- **Exercise data**
▽
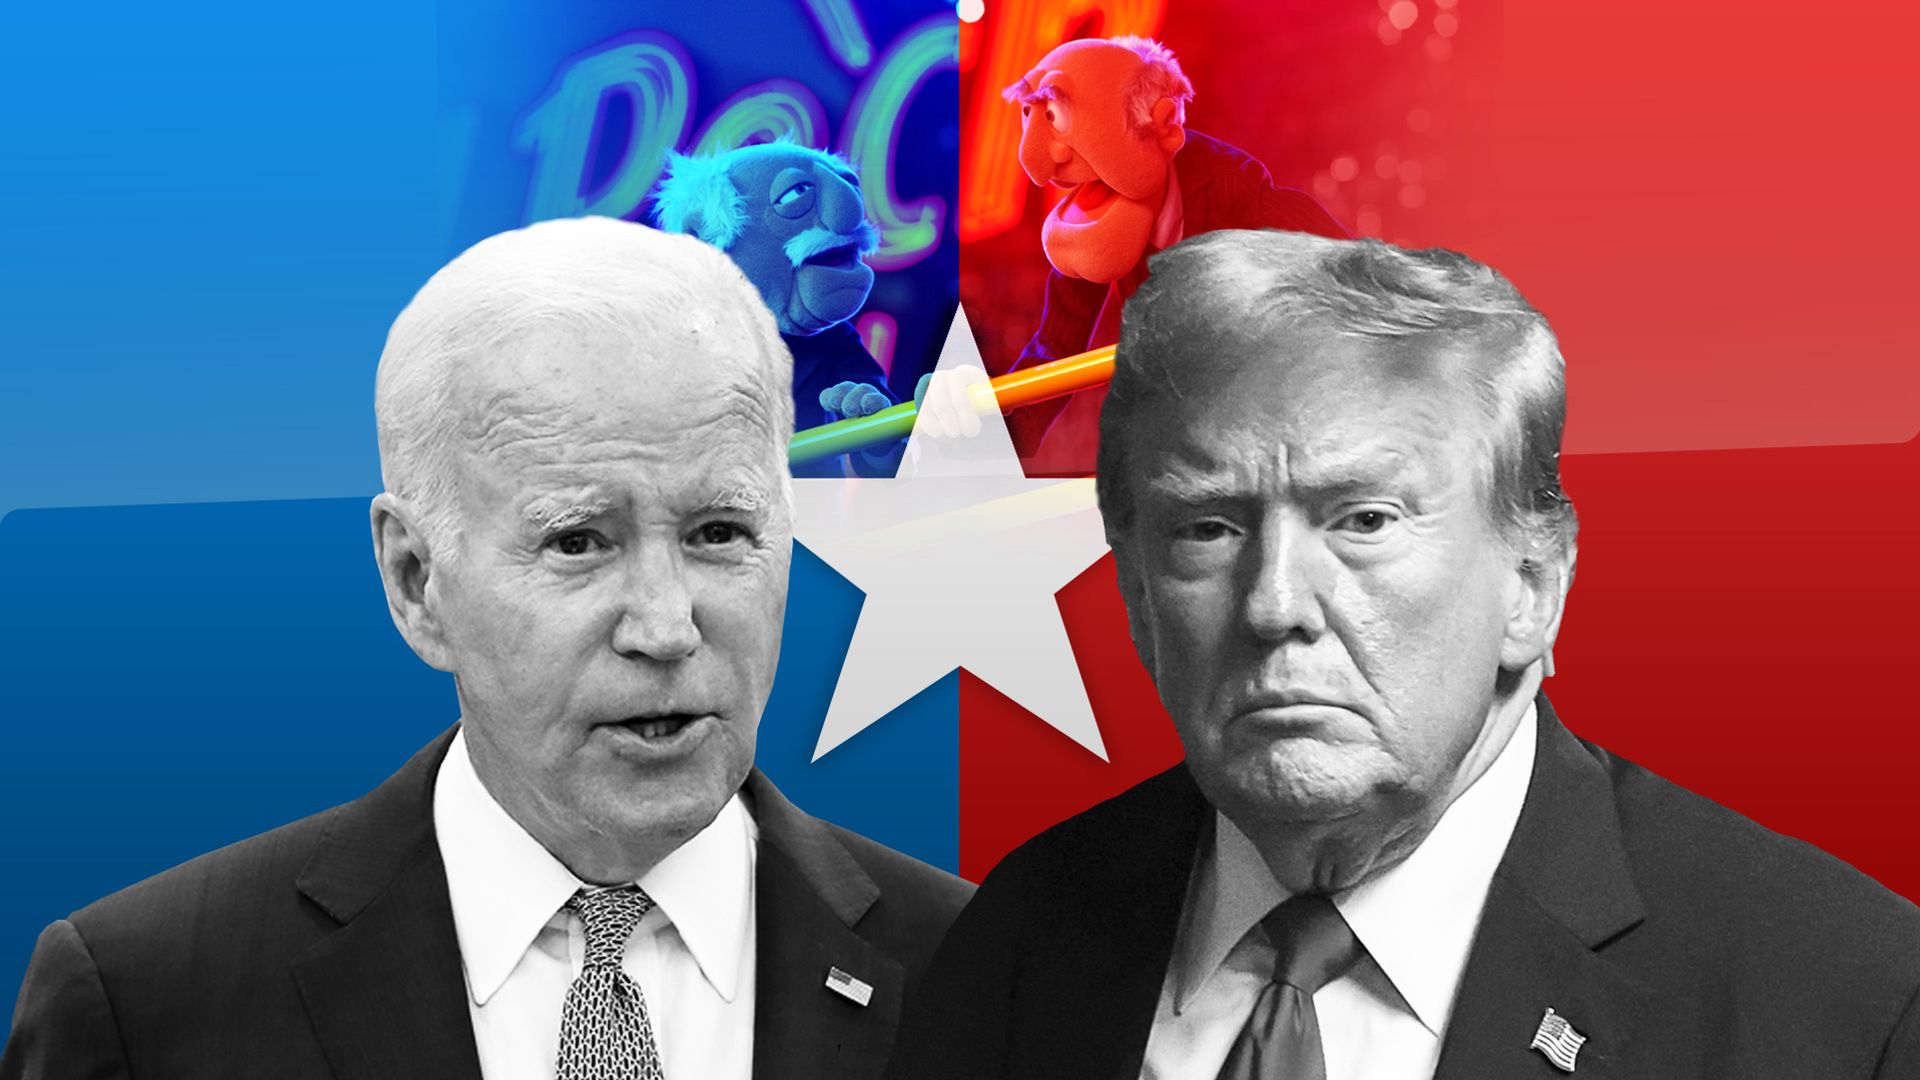 Bad sign for democracy that Biden and Trump debate compared to The Muppet Show | Adam Boulton
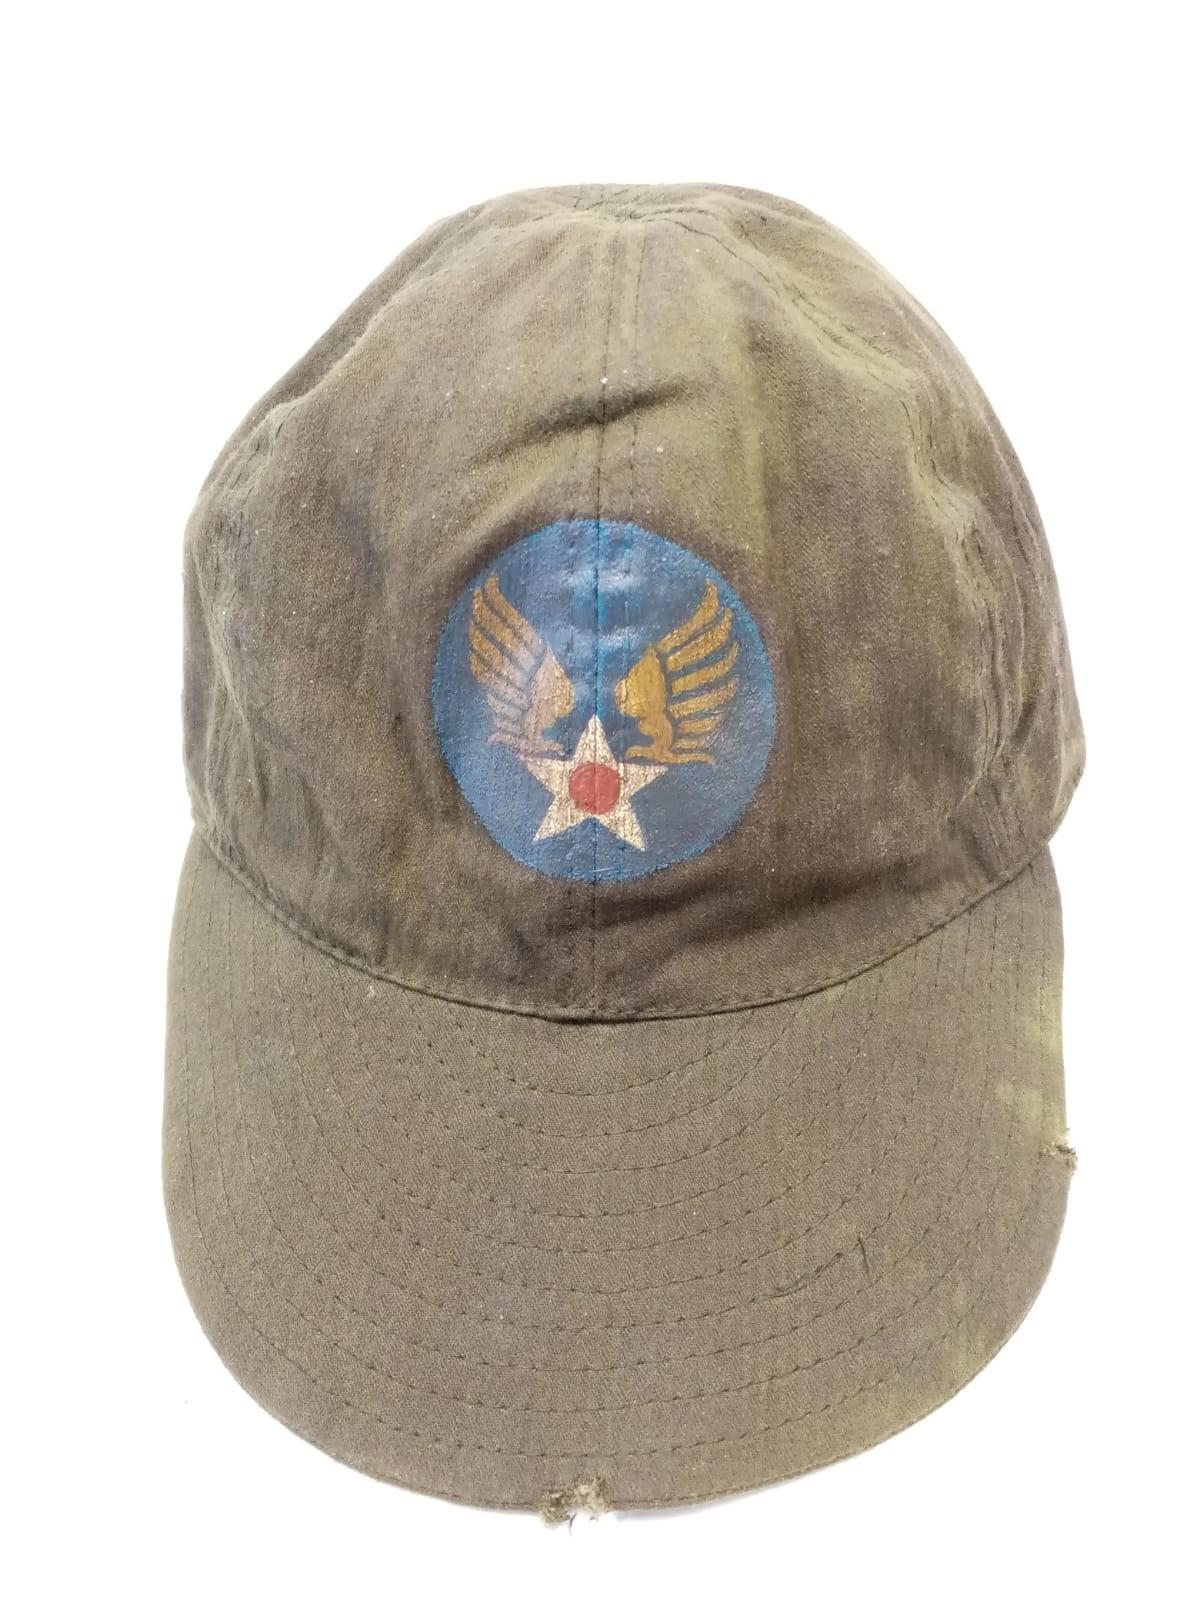 WW2 US Army Air Force mechanics cap with hand painted art
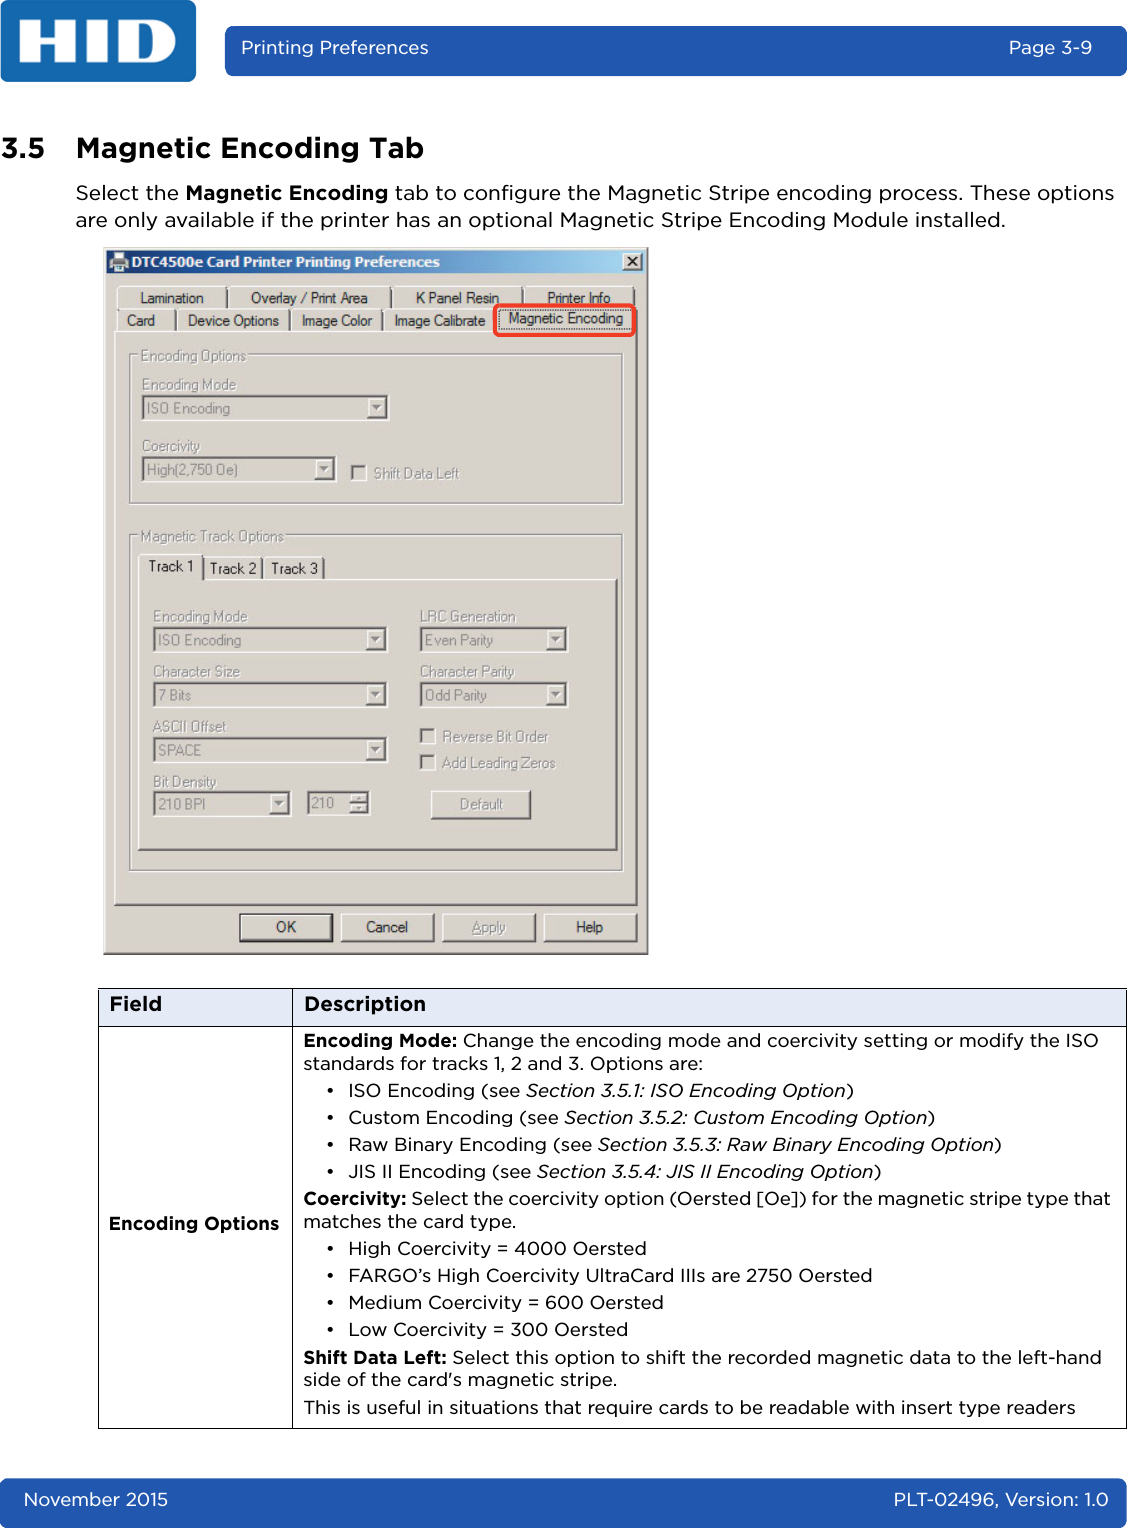 November 2015 PLT-02496, Version: 1.0Printing Preferences Page 3-93.5 Magnetic Encoding TabSelect the Magnetic Encoding tab to configure the Magnetic Stripe encoding process. These options are only available if the printer has an optional Magnetic Stripe Encoding Module installed.Field DescriptionEncoding OptionsEncoding Mode: Change the encoding mode and coercivity setting or modify the ISO standards for tracks 1, 2 and 3. Options are:• ISO Encoding (see Section 3.5.1: ISO Encoding Option)•Custom Encoding (see Section 3.5.2: Custom Encoding Option)• Raw Binary Encoding (see Section 3.5.3: Raw Binary Encoding Option)• JIS II Encoding (see Section 3.5.4: JIS II Encoding Option)Coercivity: Select the coercivity option (Oersted [Oe]) for the magnetic stripe type that matches the card type.• High Coercivity = 4000 Oersted • FARGO’s High Coercivity UltraCard IIIs are 2750 Oersted• Medium Coercivity = 600 Oersted• Low Coercivity = 300 OerstedShift Data Left: Select this option to shift the recorded magnetic data to the left-hand side of the card&apos;s magnetic stripe. This is useful in situations that require cards to be readable with insert type readers
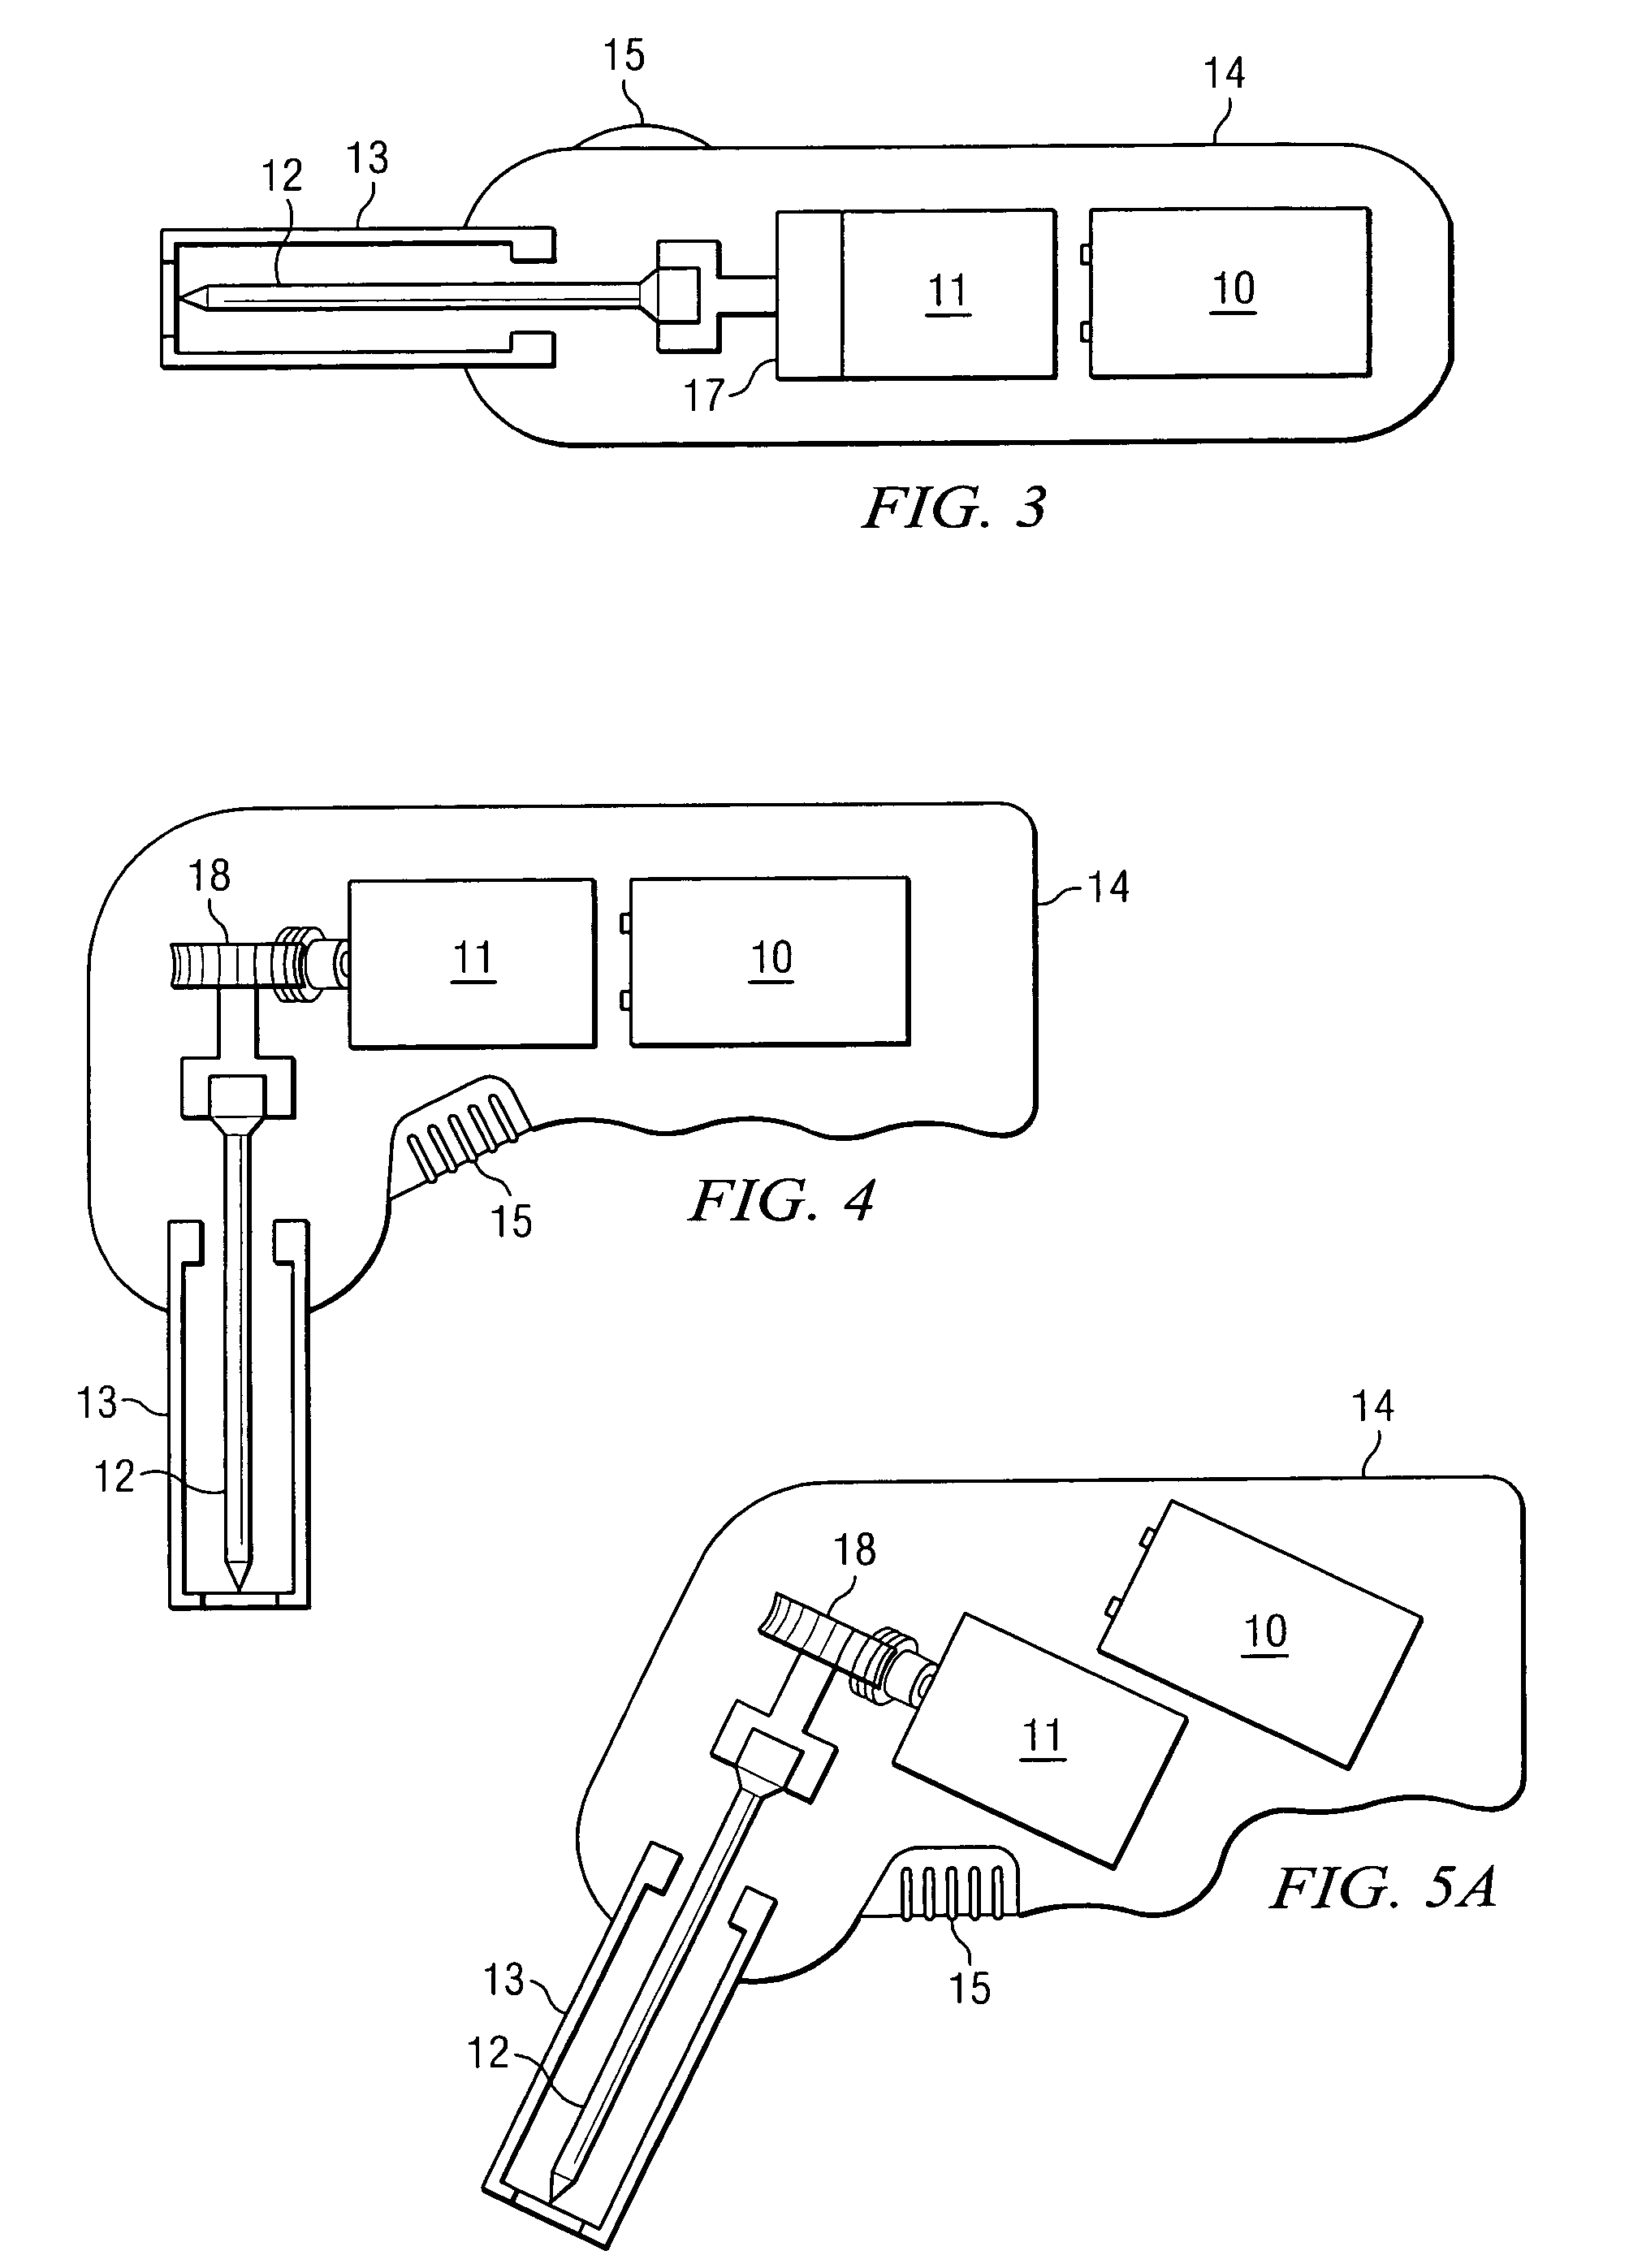 Apparatus and method to provide emergency access to bone marrow
△
- **Exercise prompt**
Without the pictures, write out the whole listing exactly as it appears.

- **Exercise output**
 Bad sign for democracy that Biden and Trump debate compared to The Muppet Show | Adam Boulton
 WW2 US Army Air Force mechanics cap with hand painted art
 November 2015 PLT-02496, Version: 1.0Printing Preferences Page 3-93.5 Magnetic Encoding TabSelect the Magnetic Encoding tab to configure the Magnetic Stripe encoding process. These options are only available if the printer has an optional Magnetic Stripe Encoding Module installed.Field DescriptionEncoding OptionsEncoding Mode: Change the encoding mode and coercivity setting or modify the ISO standards for tracks 1, 2 and 3. Options are:• ISO Encoding (see Section 3.5.1: ISO Encoding Option)•Custom Encoding (see Section 3.5.2: Custom Encoding Option)• Raw Binary Encoding (see Section 3.5.3: Raw Binary Encoding Option)• JIS II Encoding (see Section 3.5.4: JIS II Encoding Option)Coercivity: Select the coercivity option (Oersted [Oe]) for the magnetic stripe type that matches the card type.• High Coercivity = 4000 Oersted • FARGO’s High Coercivity UltraCard IIIs are 2750 Oersted• Medium Coercivity = 600 Oersted• Low Coercivity = 300 OerstedShift Data Left: Select this option to shift the recorded magnetic data to the left-hand side of the card&apos;s magnetic stripe. This is useful in situations that require cards to be readable with insert type readers
 Apparatus and method to provide emergency access to bone marrow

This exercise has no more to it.